Well, sorry, this time I didn't answer so quickly - crawling my way 
through emails...

>> My guess is that what matters is the size of the elements in the
>> gradient - those values should be typically in the order of  to -10.
>> Does your scaling of 1e9 do that?  (The VALUE of the function does not
>> matter that much)
> Thanks for the hint. My objective is about 2 magnitudes larger than its
> gradient. I scale now to make the objective gradient +/- 0.

It doesn't matter what really the VALUE of the objective function is 
(although it is better if it is not in orders larger than 1e10 or so to 
avoid rounding issues).  The objective gradient, however, should be on the 
order of 1-10, NOT ZERO!  (Or was that a typo?)

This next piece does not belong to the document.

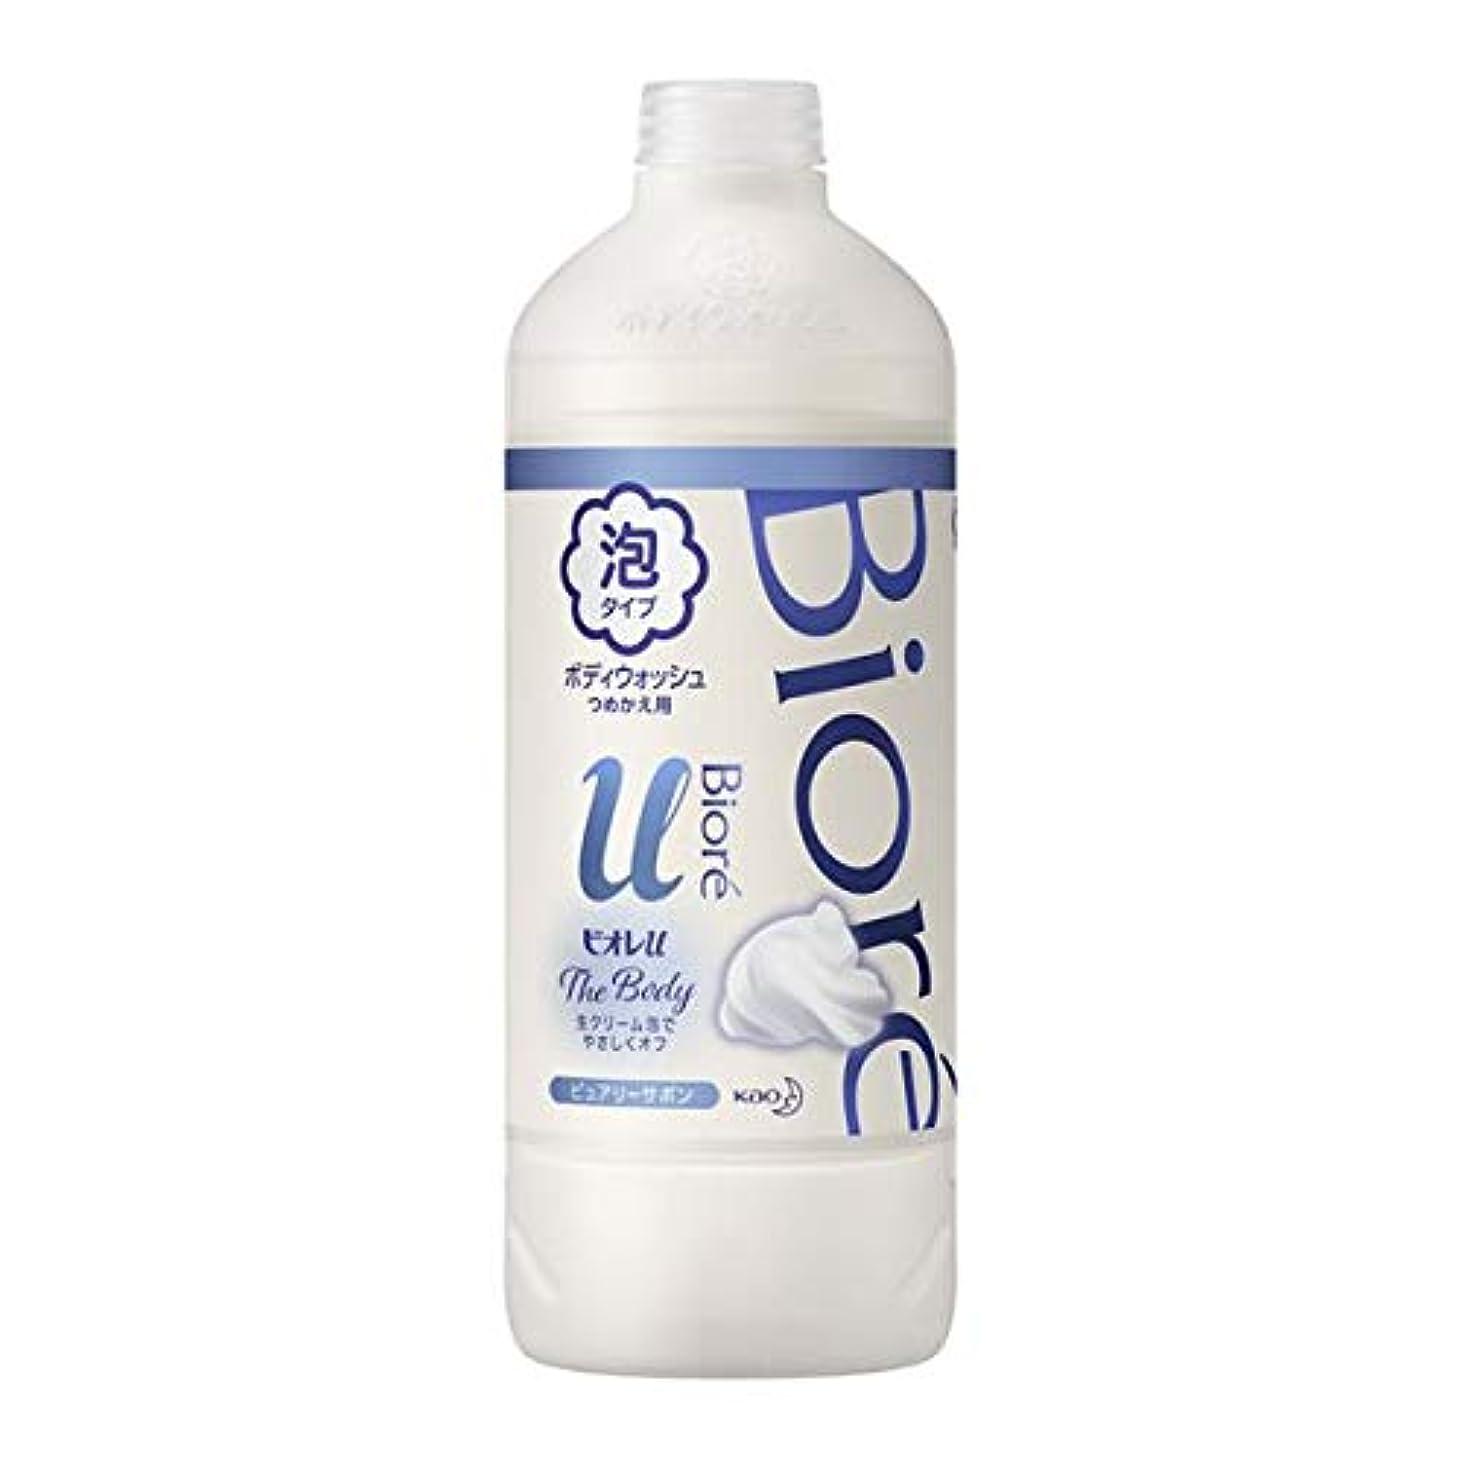 免除する罪嵐花王 ビオレu ザ ボディ泡ピュアリーサボンの香り 詰替え用 450ml
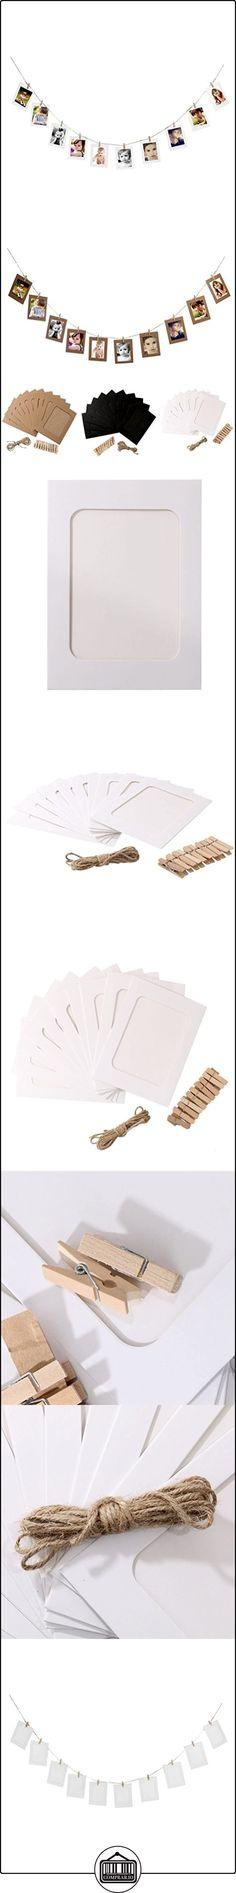 Pixnor 10pcs papel foto marcos DIY 6 pulgadas línea colgante Galería madera Clip cáñamo cuerda boda decoración blanco  ✿ Regalos para recién nacidos - Bebes ✿ ▬► Ver oferta: http://comprar.io/goto/B01LXO140N

>> ... iterations or so.  I sugsest you run this problem again, but set the
>> tolerance (including the "acceptable" tolerance") so that Ipopt
>> continues further.  One way to do that is to set acceptable_iter to a
>> integer (100000).
> To be honest, the stopping criteria was max_iter. I set it now to
> 0.05 and the results are quite good!!

Again, is there a typo?  max_iter is an integer option, so 0.05 doesn't 
make sense...?

>> However, you might want to consider to do the problem scaling directly
>> in your problem formulation, instead of using obj_scaling_factor.
> I actually just "found" the get_scaling_parameters() and removed my
> own constraint scaling (value, gradient, boundary) and found another
> behaviour than with get_scaling_parameters(). How can this be?
> What is the difference form putting it into the problem formulation?
>
> Isn't it, that IPOPT does in this case some scaling by it's own?

I don't understand exactly what you mean.  This is what Ipopt does, 
depending on your choice of the option nlp_scaling_method:

1. none: it uses no internal scaling nor whatever you could give Ipopt
    with get_scaling_parameters
2. user-scaling: Ipopt calls your get_scaling_parameters implementation
    and uses the scaling values you provide
3. gradient-based: Ipopt computes some scaling factors on its own, based
    on the gradients at the initial point.   It ignores
    get_scaling_parameters.

In addition to this, Ipopt also uses the value of the obj_scaling_factor 
option, and it does this ON TOP OF the scaling factor for the objective 
function determined by nlp_scaling_method.

> The originial IPOPT scaling is not "strong" enough for my values,
> do you mean that then IPOPT "fine-scaled" my scaling within the problem?

I hope that my above explanation clarifies this question.

>> on? What happens if you set nlp_scaling_method=none?)
> Very bad - 2 iterations and IPOPT is done because the constraint holds
> exactly and the objective is many magnitudes smaller.

Are you saying that in this case Ipopt terminates with SUCCESS, providing 
a feasible point, and a small value of the objective function?

Was it that the scale of your constraints is extremely small (with values 
and derivatives on the order of something like 1e-6), so that it is almost 
as if they are numerically satisfied for any values of your variables? 
In that case, your constraints are badly underscaled, and should be 
multiplied with something like 1e6 (preferrable in your model) so that 
they also have numerical significance...(?)

> I played with gradient-based scaling options but found no way that IPOPT
> can do reasonable scaling automatically. That is not bad as I now learned
> what to adjust - thanks for the help.

Glad to hear it is already working better.

Regards,

Andreas